Peter Truax was born in Steuben County, New York in 1828. While he was a boy his parents moved to Allegany County, New York where he later married Cordella Avery on September 23, 1852. Truax and his wife came to Wisconsin in 1853, and settled in Walworth County, Wisconsin. They moved to Eau Claire, Wisconsin in 1855, locating on what later was known as Truax Prairie, where he engaged in farming until 1865 when he moved to town and engaged in general merchandising until 1873.

Truax worked in logging and in farming. He also dealt largely in timber lands and invested extensively in real estate. Truax was generally considered one of Eau Claire's millionaires. Truax held a large interest in sawmill property of the Cloquet Lumber Company, and he also held interest in an Electric rail transport system in the State of Idaho. In 1893, Truax purchased the National Electric Company for $7,500.

One of the largest buildings in the City of Eau Claire in its early days, Music Hall, was built and owned by Truax. It was replaced by the Kahn-Truax building which was destroyed by a fire in 1871. Truax also owned the Truax Building in Superior, Wisconsin.

===Political involvement===
Truax mounted a run in 1879 for a seat in the Wisconsin State Assembly.

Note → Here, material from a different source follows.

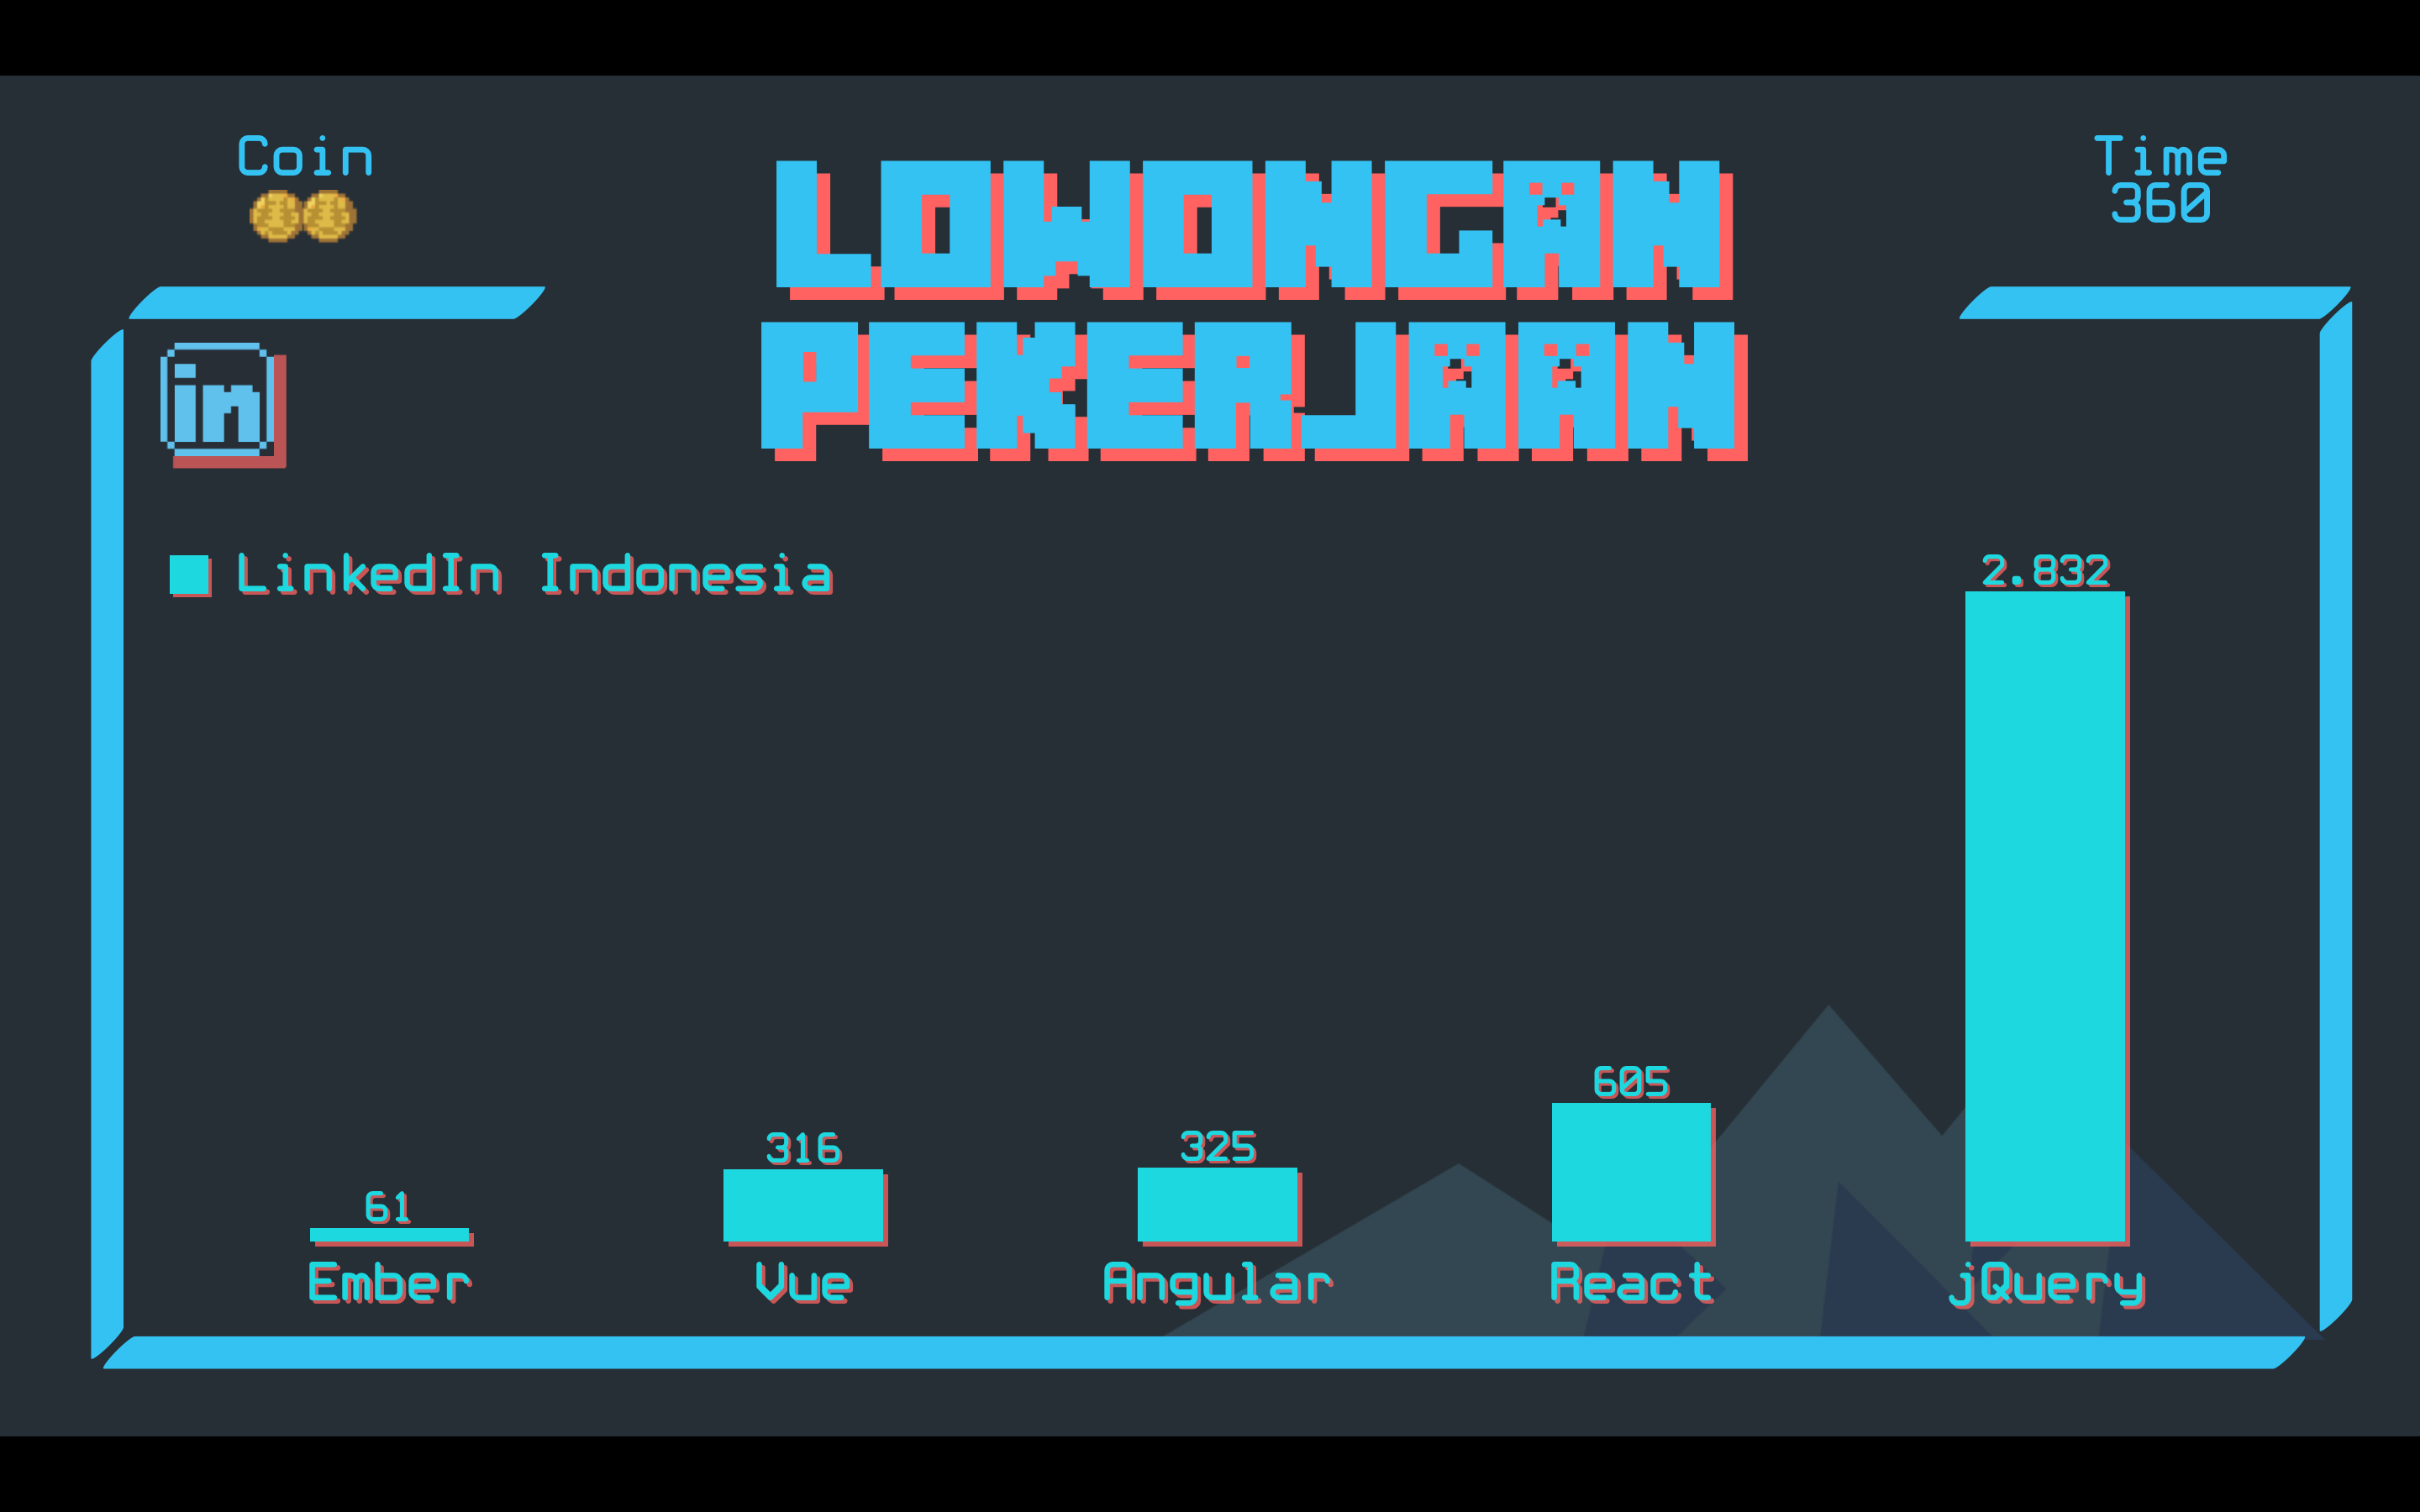 Number of job vacancies posted in LinkedIn Indonesia

In a March 4, 1887 Special Election, Truax ran unsuccessfully against Nils P. Haugen to represent Wisconsin's 8th congressional district in the Fiftieth Congress of the United States House of Representatives. In 1898, he ran unsuccessfully as a candidate for the Wisconsin State Assembly against incumbent Byron Buffington.

==Death==
Truax died at 11:20 p.m. on March 18, 1909, at his country residence on Truax Prairie. The cause of death was ulceration of the stomach.

==Legacy==
Truax Boulevard is a street on the west side of Eau Claire named for Truax's contributions to the area. Truax's Prairie Home (built in 1864) has been restored and is open for public tours from May through September. Threatened with demolition, the house was moved to the Mill Run Golf Course in the City of Eau Claire in 1984. Originally an L-shaped house, the present two-story structure retains its Greek Revival roof and door architecture.

Truax is interred at Lakeview Cemetery in Eau Claire with a large memorial marker.